CMU signs fourth reverse transfer agreement, plans to add one more in February



Montcalm Community College became the fourth school to sign a reverse transfer agreement with Central Michigan University earlier this month.

The agreement, announced on Jan. 18, allows community college students with at least 15 credit hours to transfer to CMU to finish the 60 hours of required credit and earn an associate's degree. The credits earned at CMU will also be reversible in the event the student wishes to return to MCC.

As mandated by state Legislature, CMU has signed reverse transfer agreements with three other colleges: Mid Michigan Community College, Delta College and West Shore Community College. MCC also has reverse transfer agreements with Ferris State University and Grand Valley State University.

“(State legislators) want as many opportunities for students to gain a degree as possible,” CMU Registrar Karen Hutslar said. “That’s the goal of the reverse transfer agreement; to allow students to get a degree.”

Upon enrollment at CMU, Montcalm students will receive a notification of the program. Once the required 60 credit hours are completed, a second notification will be issued with instructions on how to confirm the degree with both MCC and CMU.

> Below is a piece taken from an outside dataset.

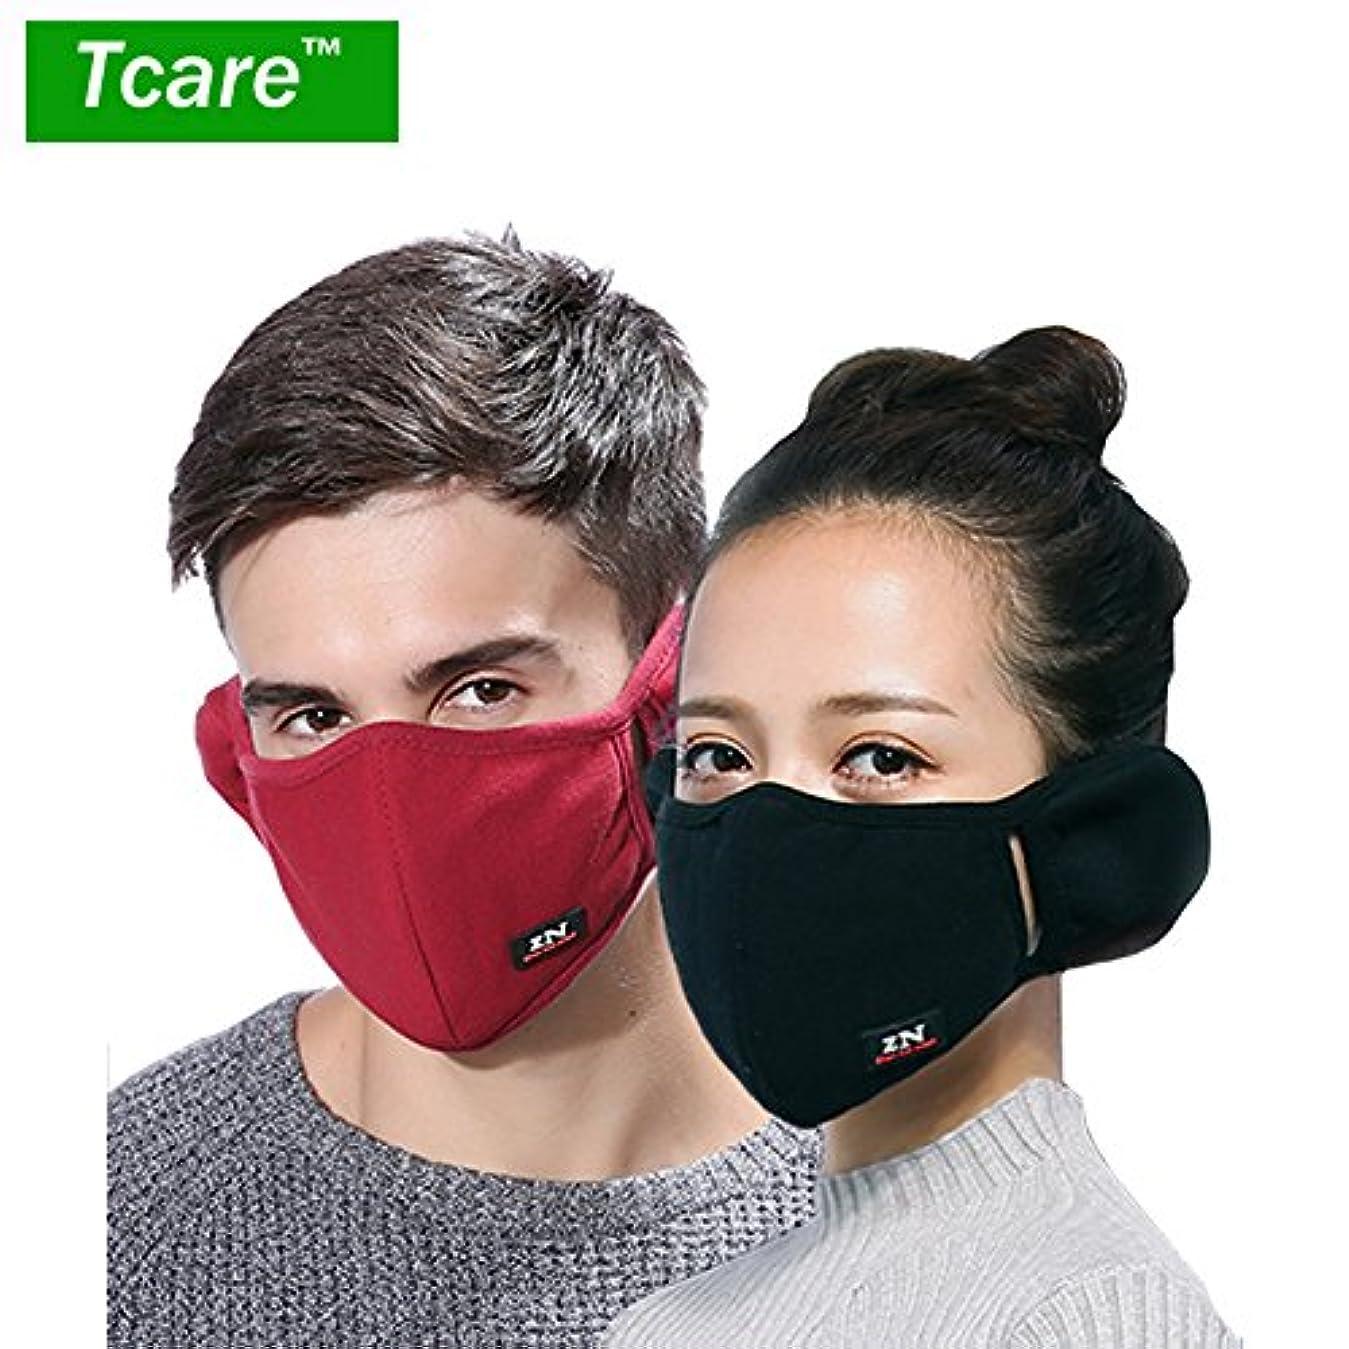 叫ぶ息を切らして予備男性女性の少年少女のためのTcare呼吸器2レイヤピュアコットン保護フィルター挿入口:10紺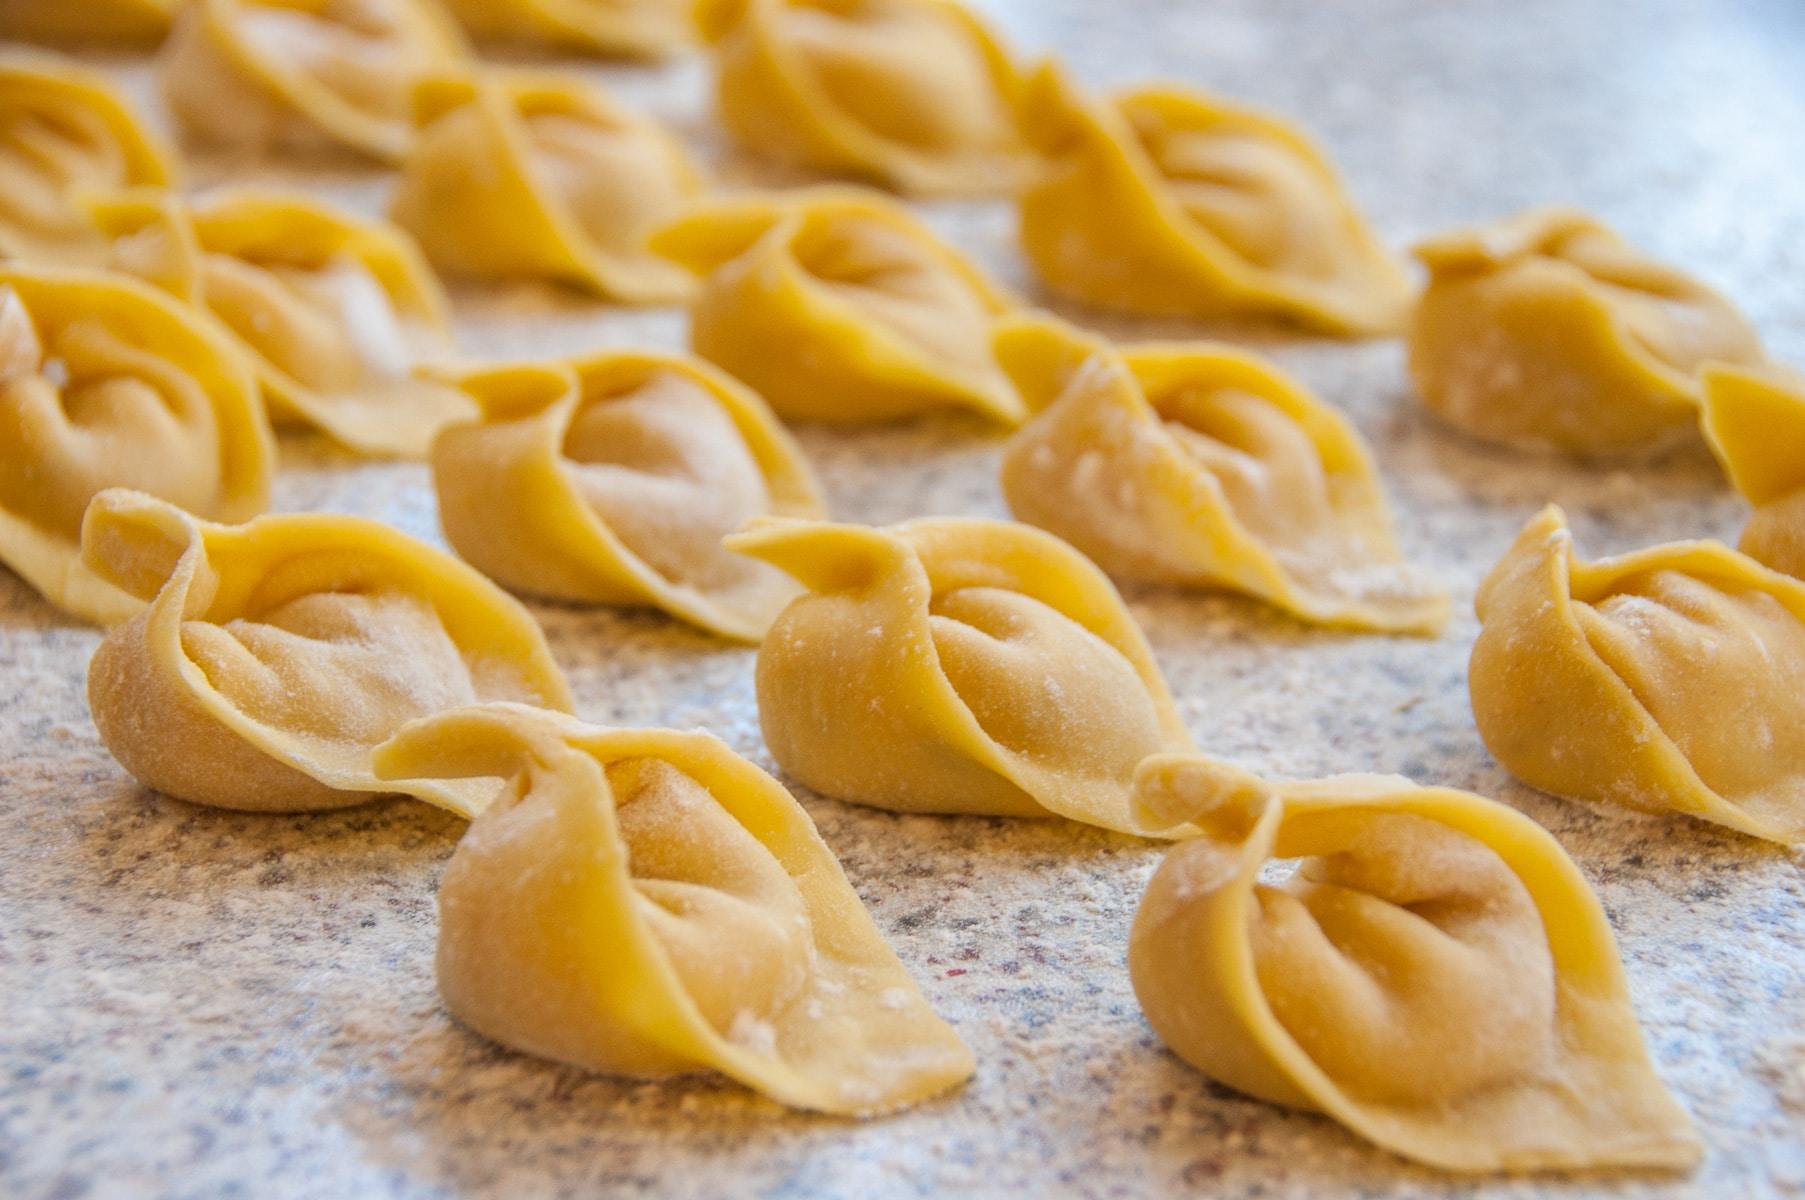 Surowe tortellini ułożone jeden obok drugiego na blacie posypanym mąką.

The main focus of the program is to allow students who transfer to CMU before completing their associate degrees the chance to earn their credentials. Also, should a student drop out before completion of a higher degree, this ensures an associate degree at the very minimum.

“It can be very important. Many students start with us because they don't have a great deal of money and need to work to support themselves or their families,” said Rob Spohr, vice president for student and academic affairs at MCC. “Getting the associate degree can help them get a better job while at CMU and help them better afford their education and lead a better life while doing it.”

The goal of the program, according to Michigan Public Act 62, is to increase student retention and degree completion at both community colleges and universities.

Under legal instruction of the state legislature, CMU is obligated to sign at least three reverse transfer agreements. This fourth agreement shows that CMU is exceeding expectations, and, according to Hutslar, the university doesn’t have plans to stop here.

“We already have three, this one makes four,” Hutslar said. “We also are currently making plans to have an agreement signed with Northwestern Michigan Community College in February. We’ll start with five and take it from there.”

There is currently no limit to the amount of reverse transfer agreements a community college or university can sign.

“This is a true win-win,” Spohr said. “Students only use it if they want to. MCC gets to show more degree completers, and CMU gets students who have earned a credential, which tends to make them more successful.”